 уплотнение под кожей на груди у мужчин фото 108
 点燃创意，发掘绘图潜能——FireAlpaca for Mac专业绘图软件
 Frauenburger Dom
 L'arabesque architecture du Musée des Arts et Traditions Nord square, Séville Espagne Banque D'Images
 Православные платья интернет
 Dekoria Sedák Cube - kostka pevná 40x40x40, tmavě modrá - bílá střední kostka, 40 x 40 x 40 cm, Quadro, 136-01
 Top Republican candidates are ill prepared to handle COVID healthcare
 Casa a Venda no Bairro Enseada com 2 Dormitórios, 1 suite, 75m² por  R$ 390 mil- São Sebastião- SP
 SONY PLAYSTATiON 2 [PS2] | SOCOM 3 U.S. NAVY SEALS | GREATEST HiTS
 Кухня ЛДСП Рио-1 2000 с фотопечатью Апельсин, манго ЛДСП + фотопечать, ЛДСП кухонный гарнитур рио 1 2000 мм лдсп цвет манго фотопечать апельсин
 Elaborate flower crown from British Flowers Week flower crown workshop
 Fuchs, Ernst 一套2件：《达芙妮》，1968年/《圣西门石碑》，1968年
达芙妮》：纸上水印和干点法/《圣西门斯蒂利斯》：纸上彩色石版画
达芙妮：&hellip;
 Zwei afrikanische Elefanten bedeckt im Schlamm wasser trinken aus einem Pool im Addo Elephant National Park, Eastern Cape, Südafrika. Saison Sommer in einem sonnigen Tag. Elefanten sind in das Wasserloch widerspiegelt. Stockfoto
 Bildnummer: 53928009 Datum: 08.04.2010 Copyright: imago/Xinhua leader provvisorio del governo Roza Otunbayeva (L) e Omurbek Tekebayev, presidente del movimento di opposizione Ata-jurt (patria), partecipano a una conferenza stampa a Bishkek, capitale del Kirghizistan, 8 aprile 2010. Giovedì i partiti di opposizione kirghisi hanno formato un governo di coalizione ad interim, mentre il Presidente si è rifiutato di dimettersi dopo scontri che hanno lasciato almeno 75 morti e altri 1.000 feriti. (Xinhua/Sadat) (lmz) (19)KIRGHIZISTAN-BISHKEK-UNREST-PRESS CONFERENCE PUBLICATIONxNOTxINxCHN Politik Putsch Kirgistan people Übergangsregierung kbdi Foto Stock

────────────────

Required work — Please set down again, word for word, only the lines from the start of the entries through the line with "Православные платья интернет", both ends included.

Written answer —
 уплотнение под кожей на груди у мужчин фото 108
 点燃创意，发掘绘图潜能——FireAlpaca for Mac专业绘图软件
 Frauenburger Dom
 L'arabesque architecture du Musée des Arts et Traditions Nord square, Séville Espagne Banque D'Images
 Православные платья интернет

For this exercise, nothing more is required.